Business as usual can’t be the mantra, especially in this ever changing marketplace. Sometimes a small business needs some tweaking and that’s where rebranding comes in.
Whether it’s a rebranding of the company’s name or logo, the addition of a new product or service or an effort to boost sales, when done right it can help you gain a competitive edge or grow a stagnant enterprise.
“Whether it's Coke, McDonalds or paper towels -advertisers must keep up with trends, events and marketplace in order to retain past clients and gain new ones,” says author and small business expert Greg Reid. “It can be as simple as a fresh jingle, design, or social media, knowing that you don't always need to change the wheel, but simply install a new hubcap.”
According to rebranding experts, before you jump into a new marketing initiative you need to weigh the costs and benefits. Rebranding doesn’t happen overnight and requires a lot of effort and commitment. It also isn’t something void of risks. For instance, companies with longer histories risk hurting their established brand during the process, which can be lengthy.
Success isn’t a given when rebranding. But the biggest mistake companies of all sizes can make is waiting until it’s too late to rebrand. BlackBerry, MySpace and Palm Pilot are just three examples of companies that did just that. As a result, these once icons “went from marketplace dominance to a question in Trivia Pursuit,” says Reid.
The costs associated with rebranding can be high, considering you’ll need to promote your new brand. The Internet can help with that.
Dario Ambrosini, chief marketing officer at Manta, says you can save money by tapping people with influence in your industry to build awareness of your brand. That could mean targeting a well-followed blogger or firing up someone of influence on Twitter.
Social media followers can also help. Manta says to ask them to spread the word about the new brand.

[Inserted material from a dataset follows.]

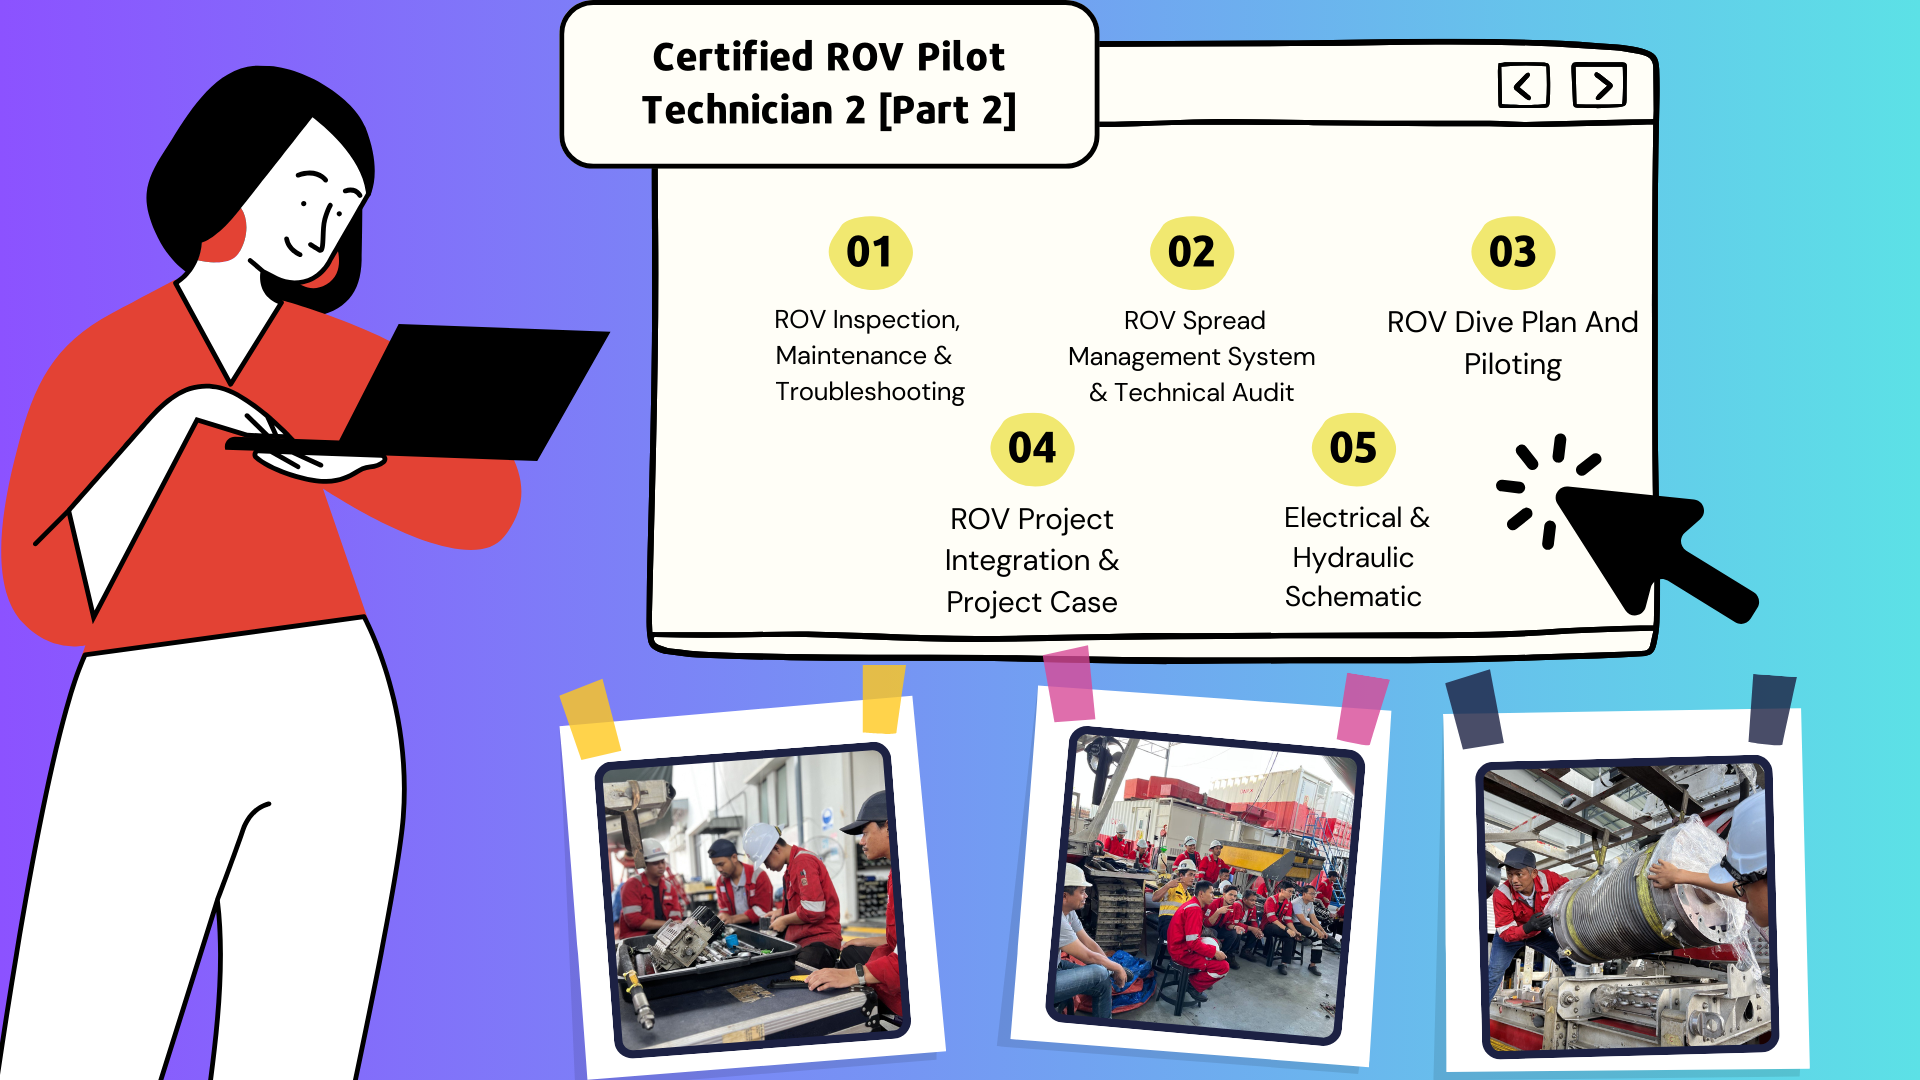 Certified ROV Pilot Technician 2 [Part 2]

“It could be as simple as a sweepstakes that awards @mentions, or a coupon for every person that likes a branded post,” says Ambrosini.

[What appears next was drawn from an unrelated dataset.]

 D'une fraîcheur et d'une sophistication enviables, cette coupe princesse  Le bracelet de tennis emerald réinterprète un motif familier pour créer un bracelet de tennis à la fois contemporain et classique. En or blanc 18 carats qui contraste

Keeping your existing customers in the loop during the rebranding is also important, and can actually increase loyalty. Nina Brakel-Schutt, resident branding expert for Widen Enterprises, says to talk to customers about the name and logo you are considering for the brand and get their feedback. It’s not only a way to engage them, but it’s a free way to get them to understand what’s going on.
“Don’t wait until everything is done to unveil,” says Brakel-Schutt. “There’s no better way to start telling your story than by bringing people into the mix early on.”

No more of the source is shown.